I can only suggest you put in a temp nic, like rt8139 or something, get the system up and running and then use nvidia's drivers.

a pain.. but that's what happens with closed source stuff  :Sad: 

----------

## rommel

yeah that solution occured to me after i posted....i like nvidia because of the support the give to their graphics cards so i wasnt looking at them as a "closed sourced" manufacturer of hardware , but i guess that they are. i heard (not sure of the truth in it) that the coming kernels will have more native support for their hardware.

----------

## taskara

well not really.. I mean the new kernels have "generic nforce ide support"

but that's a start I guess..

the fact that they are closed source isn't that big a problem, because they DO support linux, and that's frikkin awesome  :Smile: 

remember creative when the sblive! was first released, they didnt' release anything about it to the linux gurus, and so we had no driver for like a year !   :Sad: 

so I do like nvidia - the only hassle is that with gentoo you can't load their drivers during the install.

you could ofcourse, make your own custom boot cd, with the nvidia drivers in it  :Smile: 

----------

## jay

Read this:

https://bugs.gentoo.org/show_bug.cgi?id=5688

drobbins included the nvnet drivers into the latest gentoo liveCD's

----------

## rommel

thats good to know....now if someone would get the ide support wrkig correctly this board will be awsome...instead of installing again i just rebuilt the kernel powered down adn installed teh new mb and cpu....gentoo didnt care...i did have to reinstall xp though (dual boot) but i had expected that.

----------

## kb

i got a nForce2 Board, too.
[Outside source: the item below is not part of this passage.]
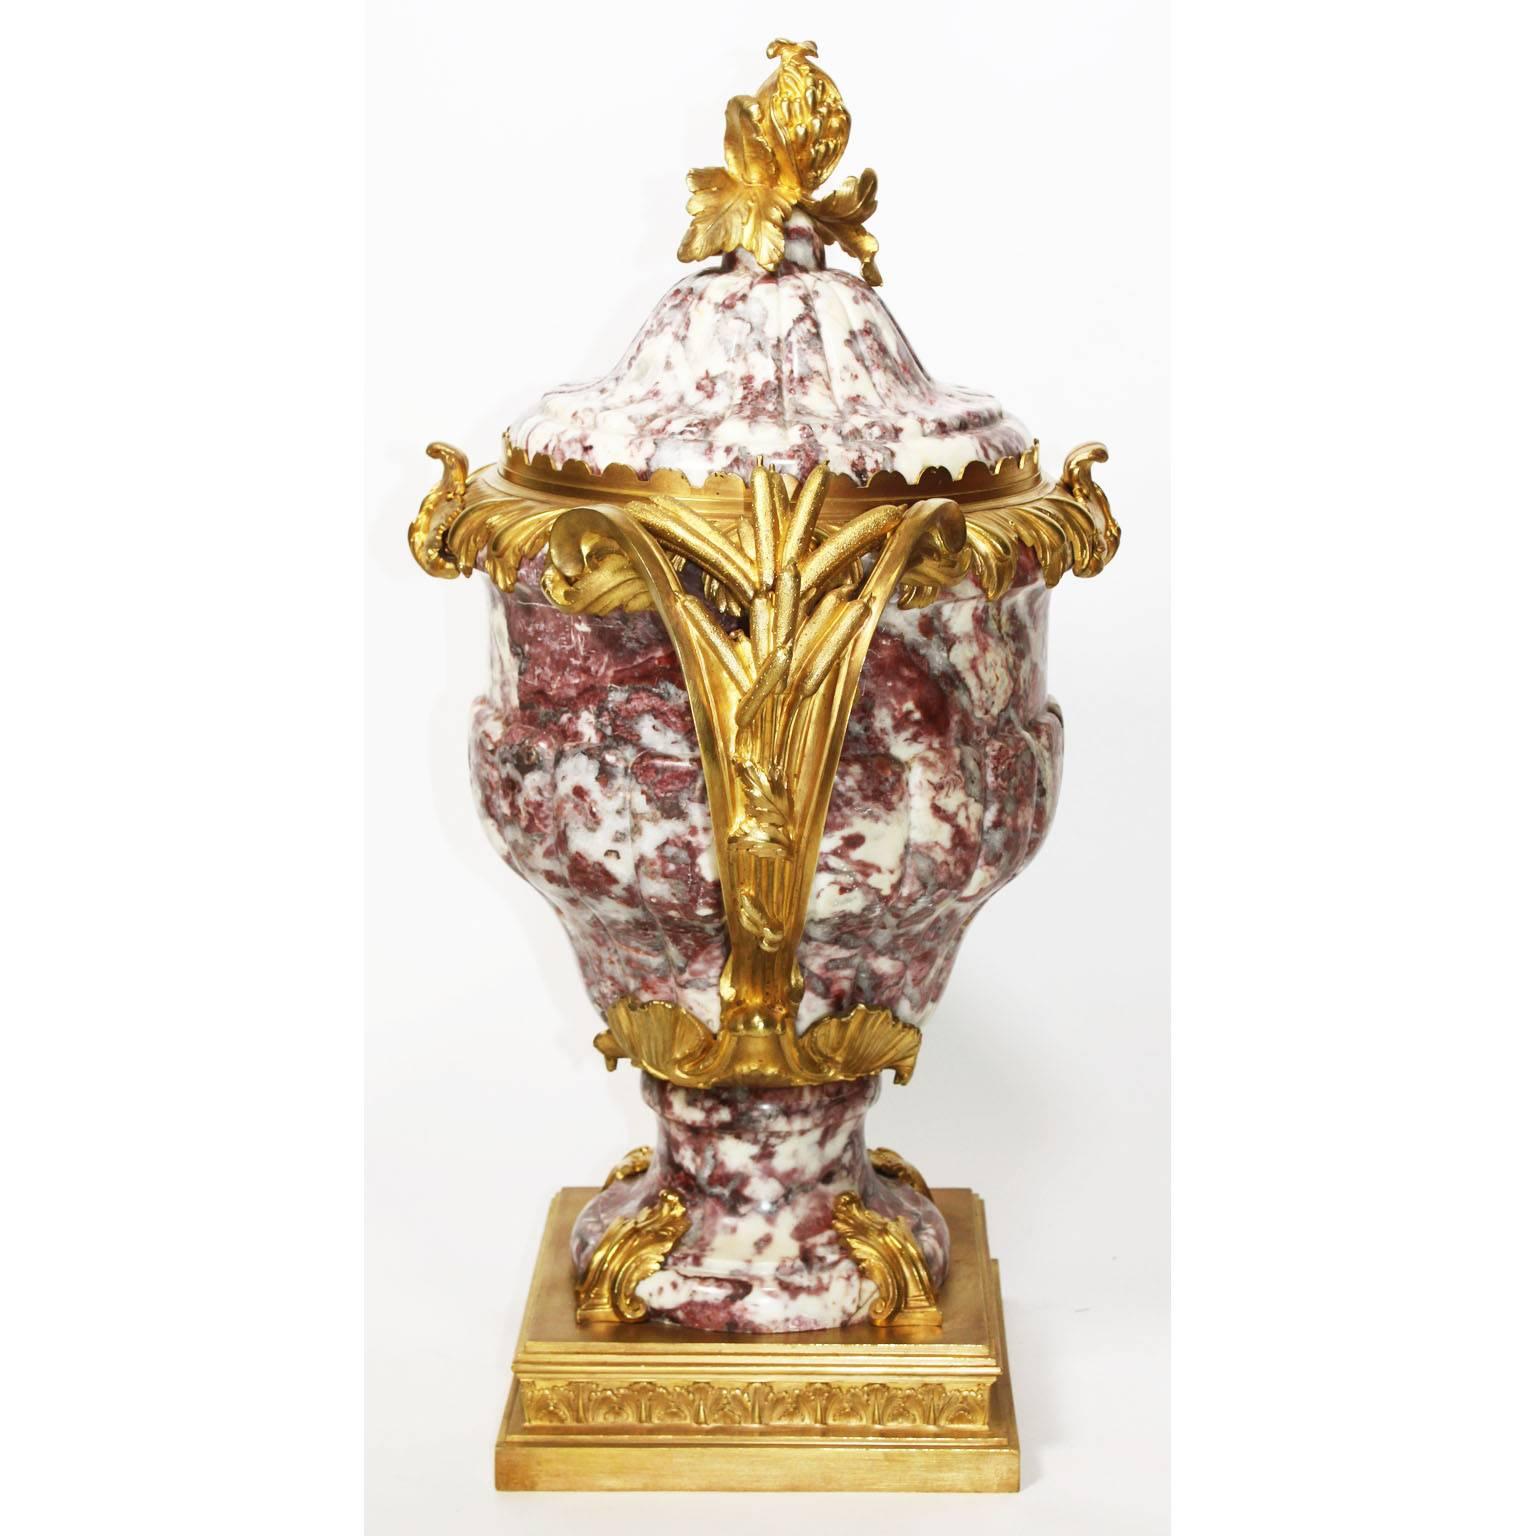 Early 20th Century French 19th-20th Century Louis XV Style Ormolu-Mounted Marble Urn For Sale

Abit NF7-S.

What opinion in the make menuconfig should i choose as network device?

----------

## Malakin

 *Quote:*   

> What opinion in the make menuconfig should i choose as network device?

 

"emerge nforce-net" will install the nvnet module.

----------

## kb

it work, thank you very much!

I'm very happy that my new nforce2 Board work on the first try over the onboard NIC!

I LOVE YOU ALL  :Very Happy: 

----------